→ Supplied records:
***
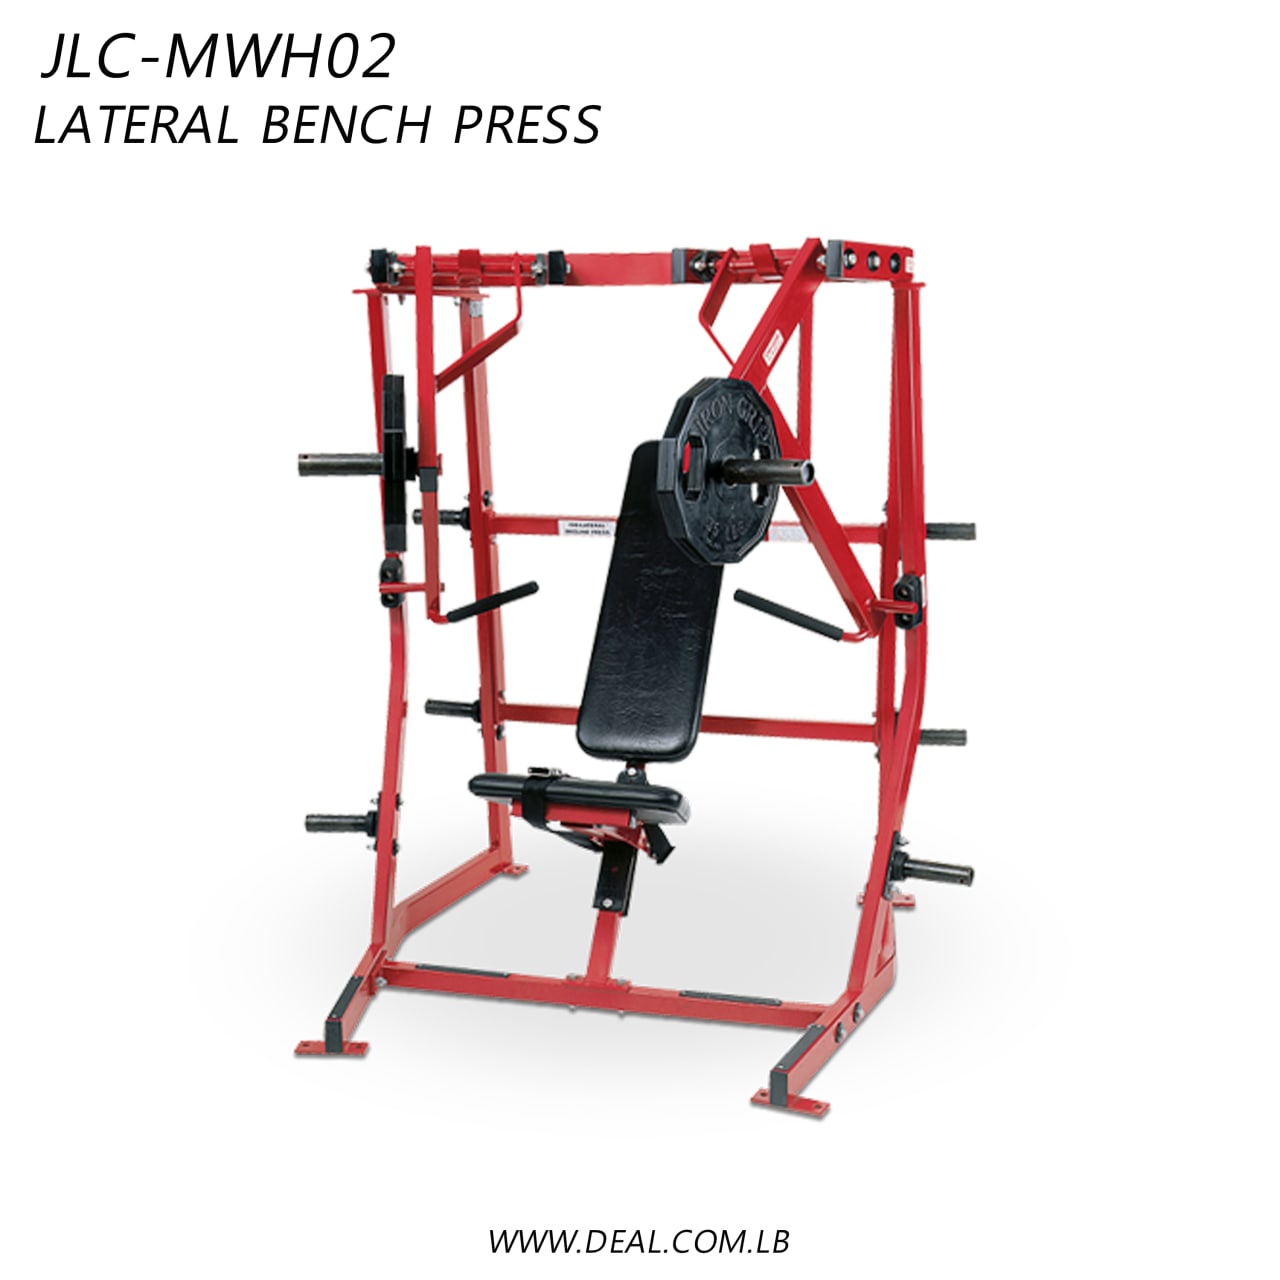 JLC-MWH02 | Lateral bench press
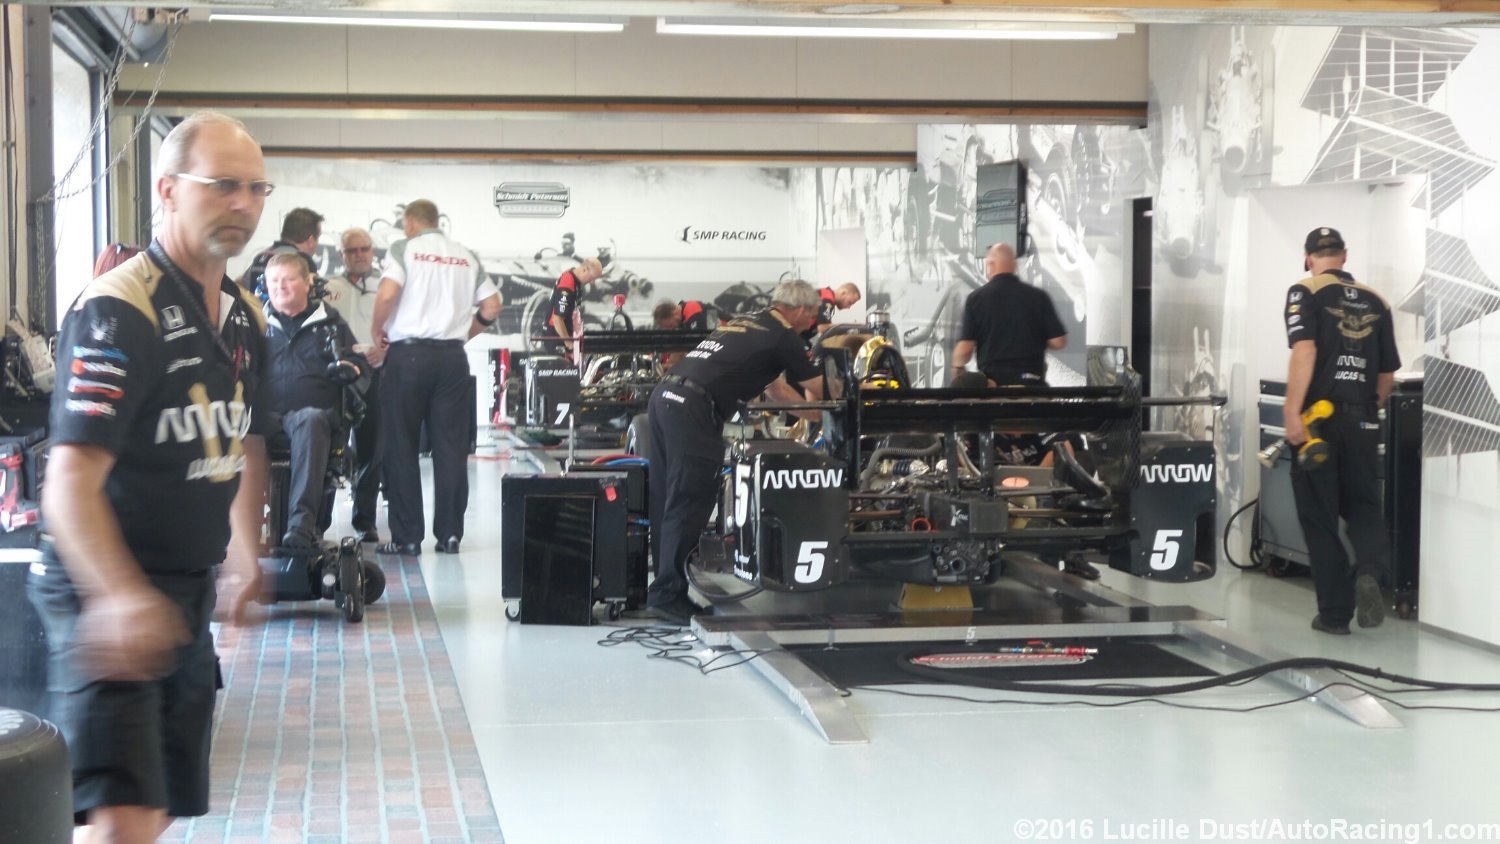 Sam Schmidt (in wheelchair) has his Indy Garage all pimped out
***
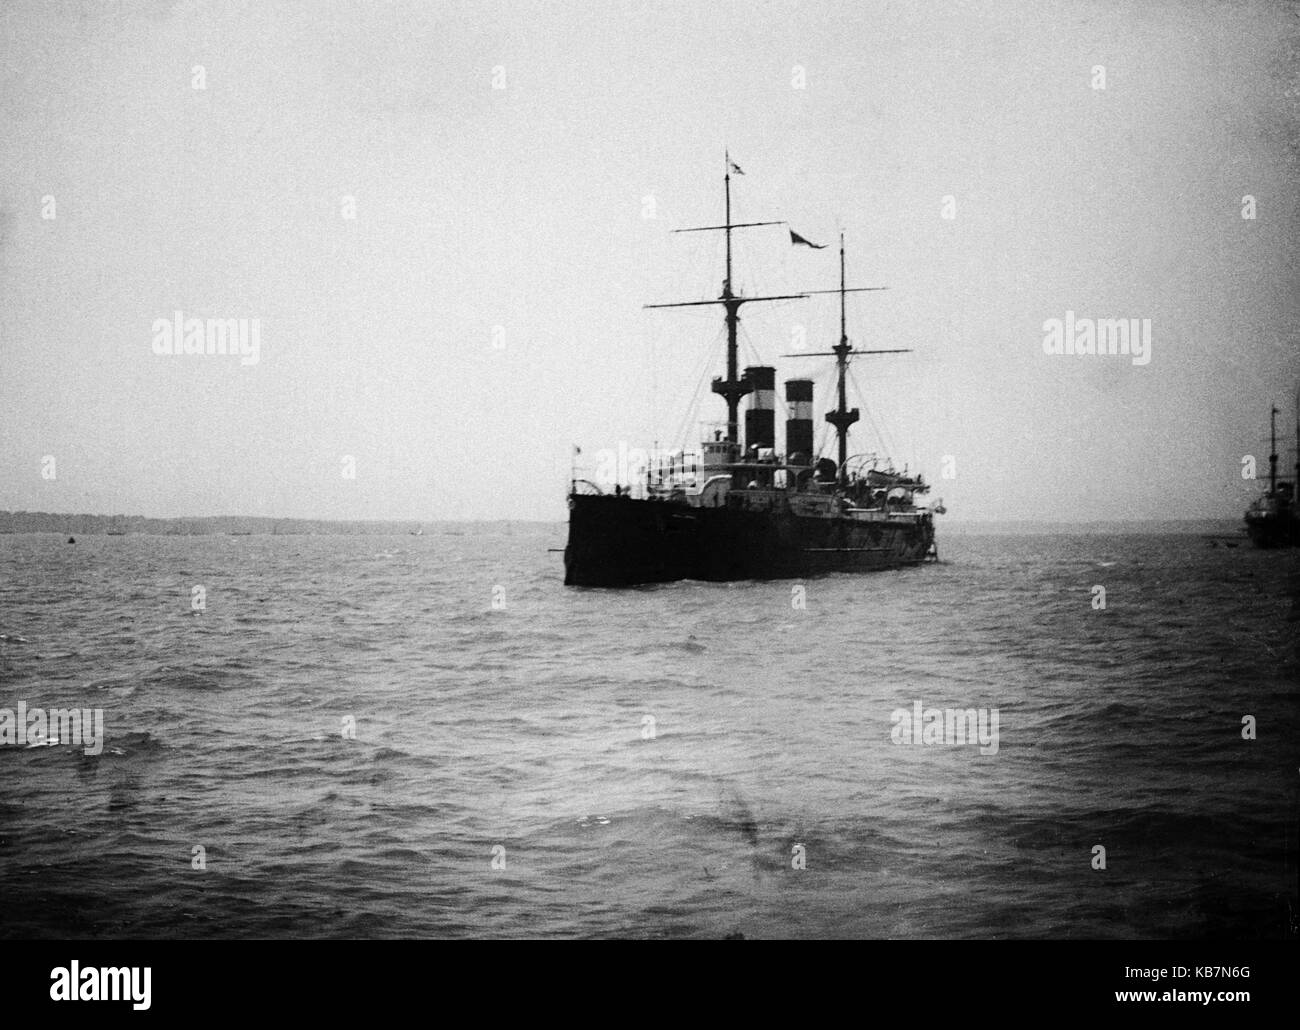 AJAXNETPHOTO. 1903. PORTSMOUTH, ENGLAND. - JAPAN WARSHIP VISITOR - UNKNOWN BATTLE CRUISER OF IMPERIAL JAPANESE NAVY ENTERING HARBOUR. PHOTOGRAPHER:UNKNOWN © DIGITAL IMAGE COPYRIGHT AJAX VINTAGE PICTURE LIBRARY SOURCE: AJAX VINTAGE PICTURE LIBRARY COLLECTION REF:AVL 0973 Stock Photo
***
→ Required work: Print the line above containing "JLC-MWH02 | Lateral bench press", the line containing "Sam Schmidt (in", and everything between them, exactly as written. Pictures stay out.

→ Result of the task:
 JLC-MWH02 | Lateral bench press
 Sam Schmidt (in wheelchair) has his Indy Garage all pimped out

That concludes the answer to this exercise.